I cannot find my copy of Professor Longhair’s New Orleans Piano, and it’s driving me nuts.

I have some Dr. John to fill the gap. But on Mardi Gras, and most other days for that matter, Longhair is my preferred go-to for raw, funky, off-kilter Crescent City musical irrationality.

I turned to YouTube for a fix. What I found there reminded me of one of the great factoids from the old days of R’n’B (if that’s how New Orleans music can be classed):

In 1949, Professor Longhair made his first recordings leading a band called the Shuffling Hungarians.

That is just about the baddest, silliest, most wonderful band name anyone’s come up with, even after 65 years. And truly, it is a name deserving of more recognition. Perhaps even a plaque in the Rock n’ Roll Hall of Fame, which has already inducted Longhair as a solo performer.

It pains me to admit that I can name four members of the wretched REO Speedwagon off the top of my head, but the members of the Shuffling Hungarians have completely evaded my grasp. (The race of fame does not often go to the shuffling.)

As a taste of the Shuffling Hungarians’ particular brand of madness, YouTube offers up “She Ain’t Got No Hair,” one of a raftload of blues and R’n’B songs concerning bald-headed women.
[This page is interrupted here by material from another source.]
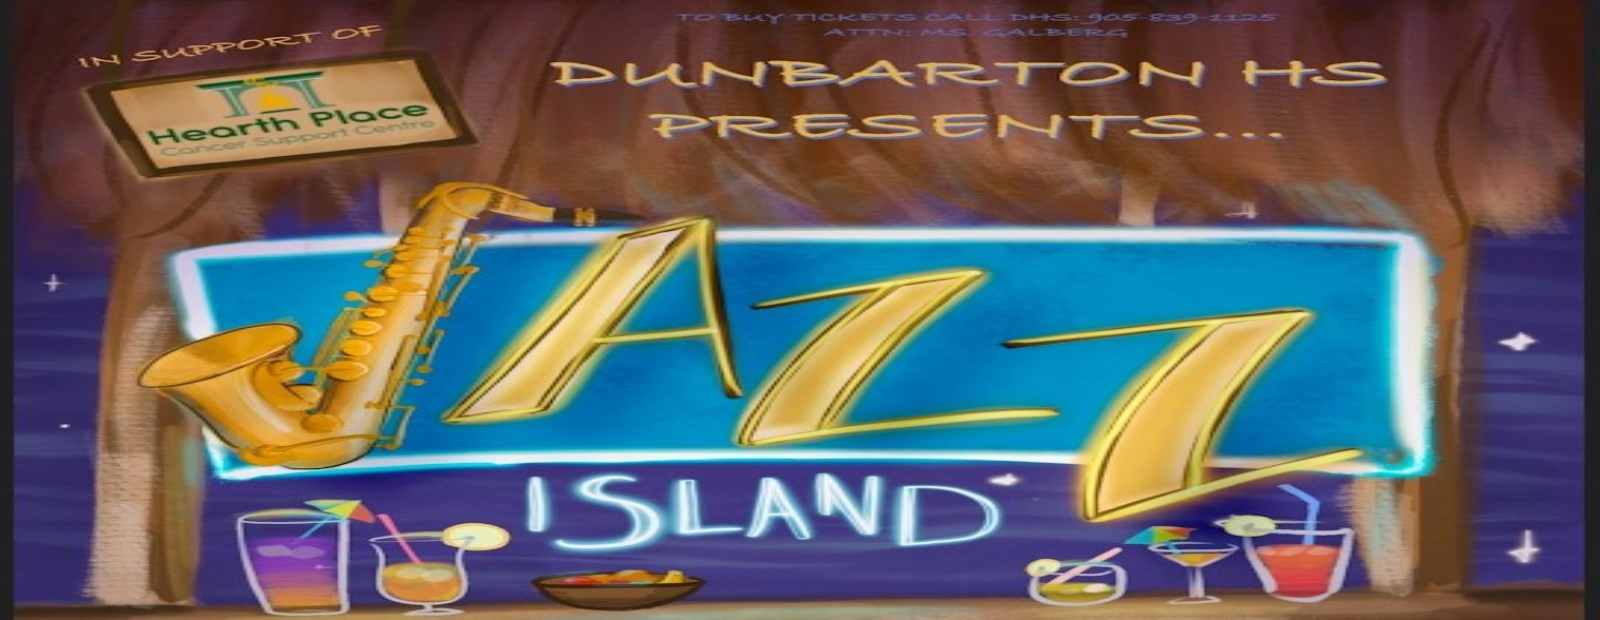 Jazz Island

It will never be used to sell alopecia prescription drugs on daytime TV, which is probably just as well.

Mix up a few Hurricanes, then, and let the good times shuffle:

4 thoughts on “Hey, looka there.

  1. Today is your lucky day!!! You gave (er, was it “lent”?) “New Orleans Piano” to me! As the fates will have it, it will be in your hands in two days! Happy Mardi Gras!

    1. Yes, it was a gift to you and then you burned me a copy. I have listened more to the burn than you have to the original — I think it was a little unpolished for your taste.
      Thanks for your assistance. And laissez les bons temps roulez.

      1. Well, I love Dr. John, and I love Henry Butler’s N’Orleans stuff, which I guess is a little more polished than either the Professor or James Booker, whom Eric tried to turn me onto. I don’t consider myself a music snob, but I guess there is some reasonable level of proficiency that I consider tables stakes. I think Rebennack & Butler prove that it’s possible to maintain the raw rhythmic pulse that makes N’Orleans music so great and yet do it with a degree of finesse.

  2. It’s clear listening to “She Ain’t Got No Hair” where rock ‘n roll great Antoine Domino comes from, musically. Fats is no Van Cliburn, but has just a modicum more finesse than the shufflers above.